Tuesday, June 22, 2010

Cats 'n' girls (4)

"The following occurs to me as a method of procedure:

Take the most recent pictures - minutely analyze all the business, action, and results, using the better pieces of animation as examples going thru the picture with these questions in mind:

1. What was the idea to be presented?
2. How was the idea presented?
3. What result was achieved?
4. After seeing this result - what could have been done to the picture from this point on, to improve it?

This is a small section from a memo that Walt Disney wrote to Don Graham on dec 23th 1935.

When I read this letter today, this section in particular made sense to me. I thought it answered some of my questions that I was having concerning the 'pushing' of my own work.

How can I push my one-story-drawings to the next level?

If from now on I consciously keep the above questions in mind when making a one-story-drawing, I think it will give me insight in how I can push that drawing to the next level. If you apply the answers from the 4th question to the next drawing you make of the same story, it will be a push!

I also think that it will be good for not to answer the 4 questions in my head, but to write them down, so they exist.

So, let's put it into practice. See if it works?

Here's a one-story-drawing.

1. What was the idea to be presented? ( I think this means what's the story you want to tell?)

A girl get's a small kitten for her birthday. Surprise!

2. How was the idea presented? (I think this is about how the story is staged.)

I see a girl that looks at a young cat in a basket. It's probably a present, seeing flags, and a birthday hat and wrapping paper. She's happy, she is smiling, and surprised, looking at her eyes. Her face is turned away from the cat, so she just might have been a little bit afraid of what was inside of the present.

3. What result was achieved? (I think this means what is the story you read from the drawing as it is now?)

She's kinda happy with her present, not ecstatic. It's a bit of a weird looking cat; a little bit big maybe for a kitten. But the basic ingredients are there, a girl and a cat. And it's a party, probably a birthday, decorations, hat, giftpaper.

4. After seeing this result - what could have been done to the picture from this point on, to improve it? "

Maybe the girl could be really really happy in her emotion when unpacking her present. So study happy emotions.

The cat can be cuter, more like small kittens are. Fuzzy and cute and likeable. Study kittens.

How the present looks can be improved, more a box maybe with a lit that's pulled of or something like that. Design the present that holds the kitten.

Instead of making these studies, I drew this as my next drawing for the same story ...

Not exactly improving the previous sketch I think now. There's a few steps and desicions missing. I guess they took place inside my head really fast, and as a result I thought I needed to make this drawing.

Why did I make this then?

It now feels more like creating a whole new world where you can ask the same 4 questions again.
Do I really need more characters and envorinment to tell the story of a girl and a cat?

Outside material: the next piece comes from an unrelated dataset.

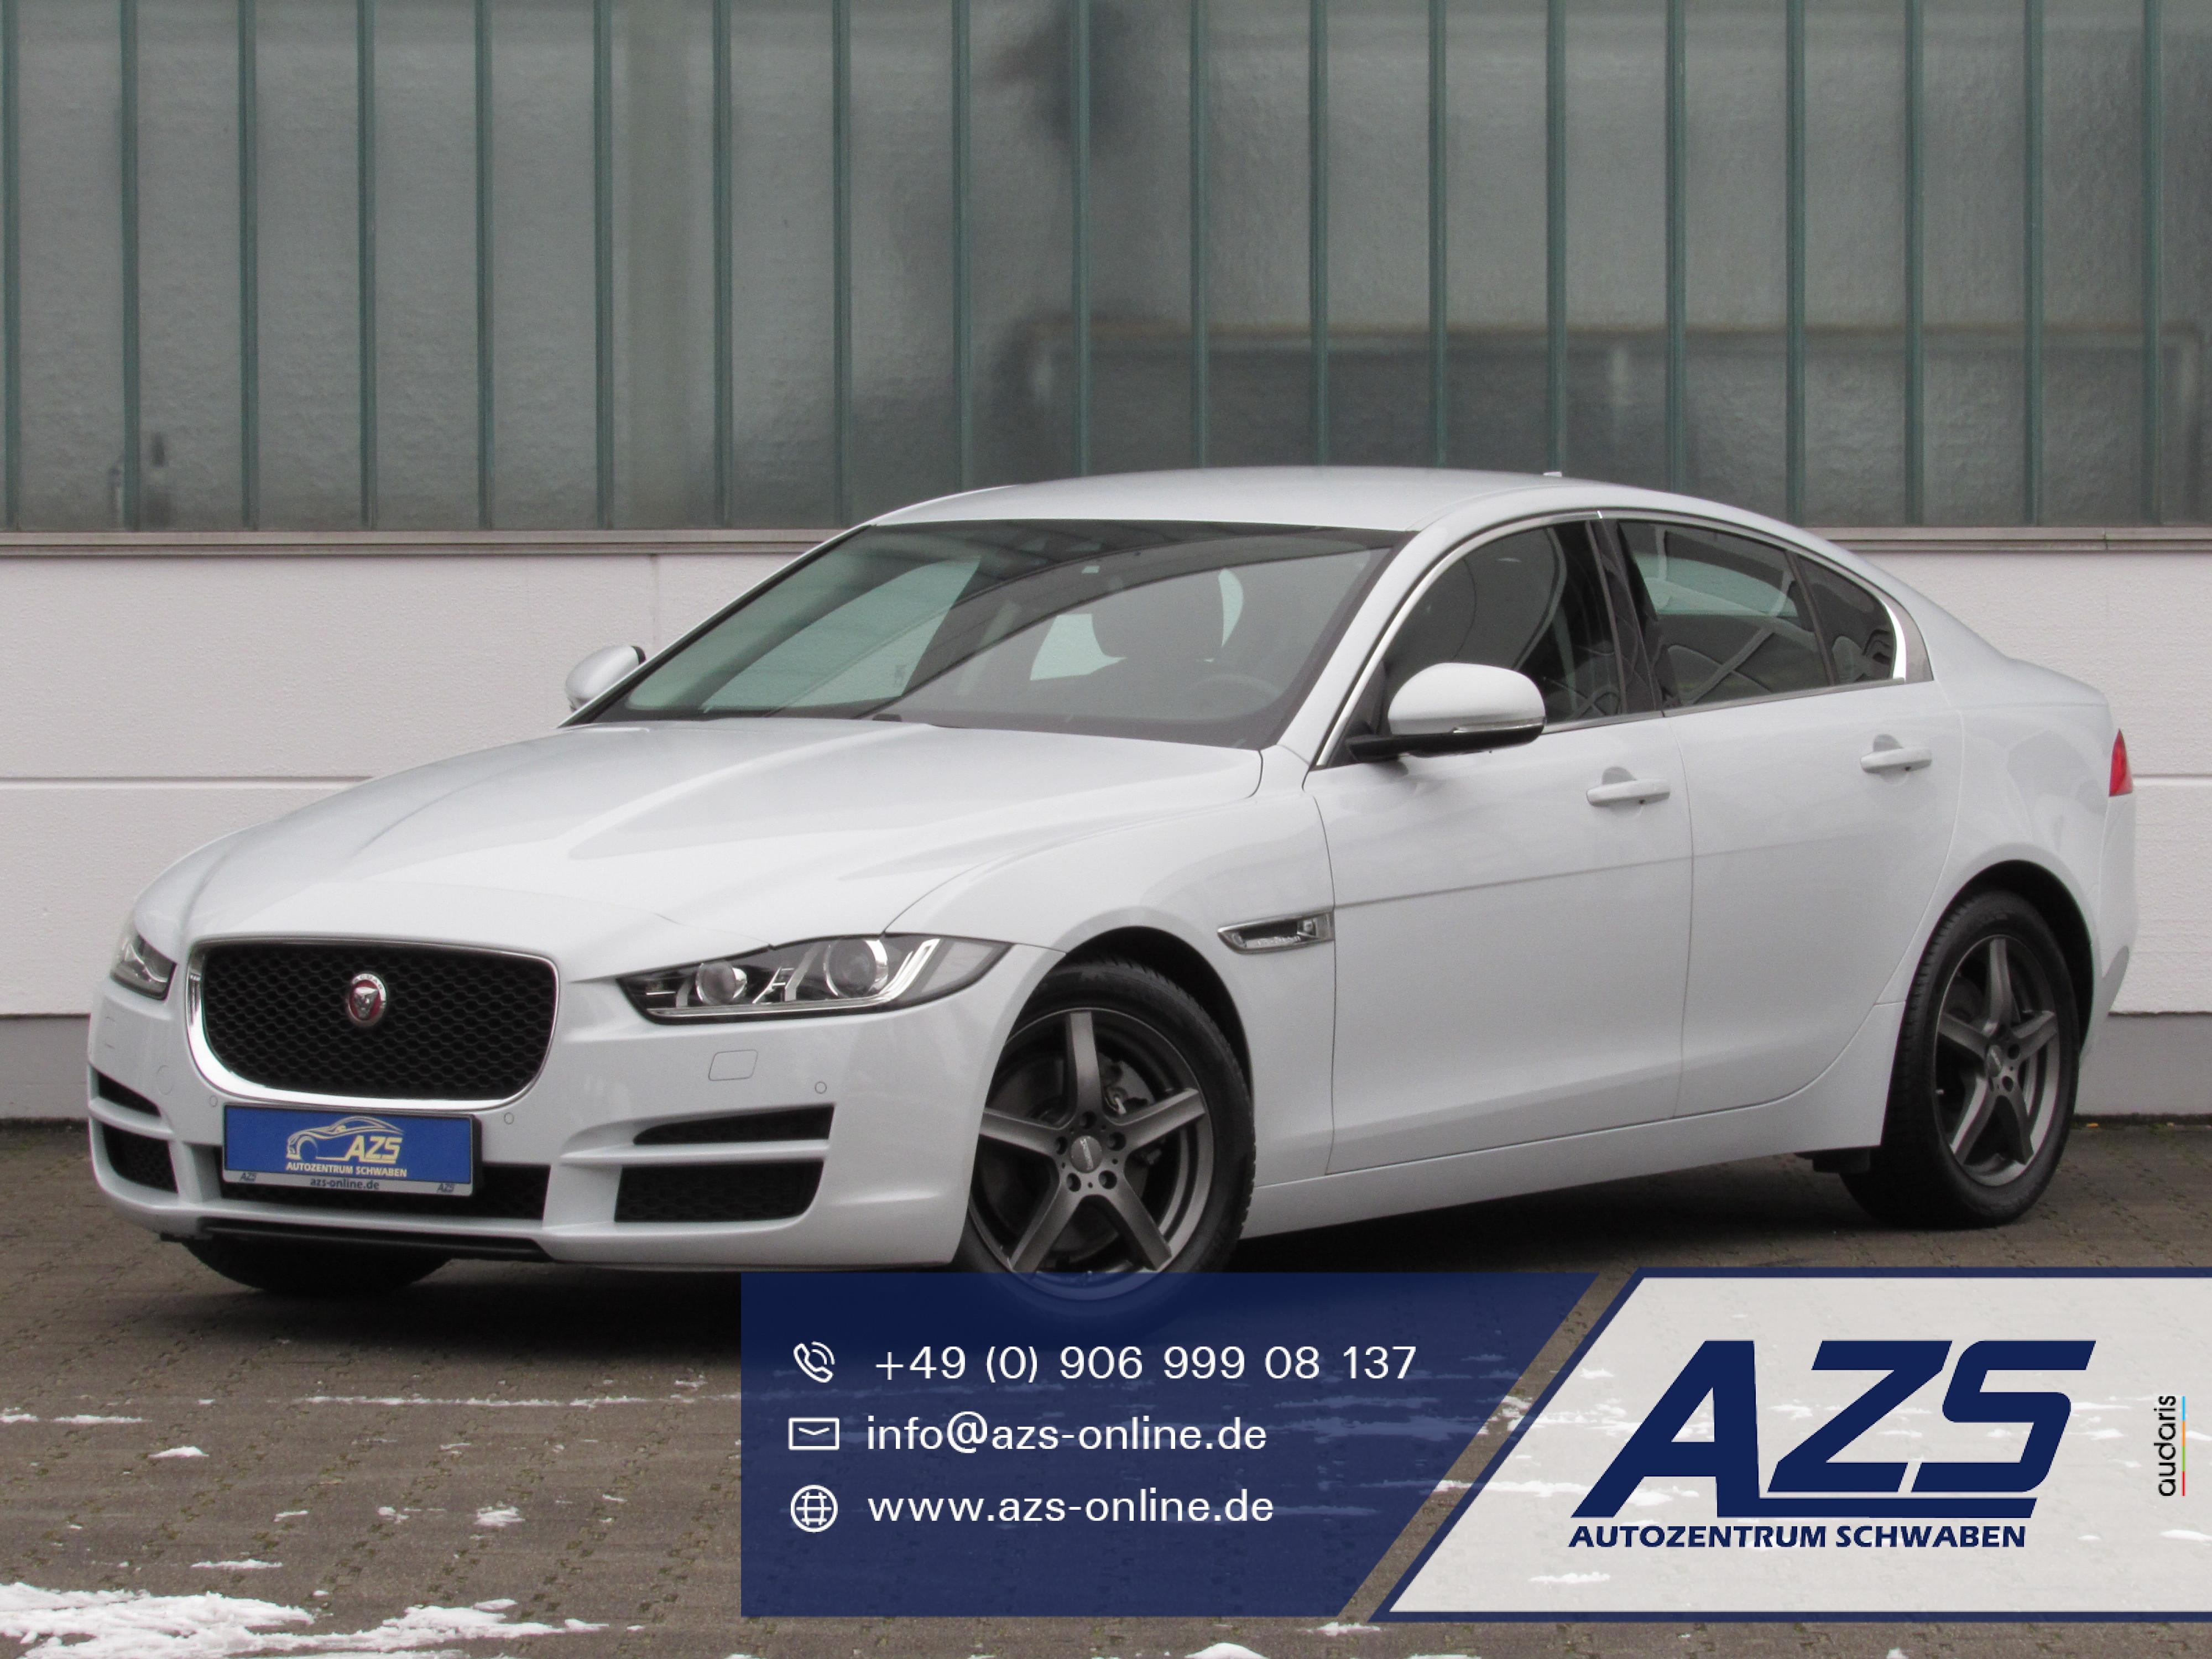 Jaguar XE 2.0d | Leder | AZS-SICHERER-ONLINE-KAUF, Jahr 2016, Diesel

I don't claim this is the way to push your work, but I think it will help me to understand better why and how I make my decisions while making a one-story-drawing, and how I can improve myself, and become more effective in telling a story. That is also what this blog is for. To get an insight for myself in how I work, and how I can improve and develop myself as an artist.

ps. Saw TS3 yesterday. Loved it, I think pixar takes you on a nice emotional rollercoaster with a film about toys. Impressive.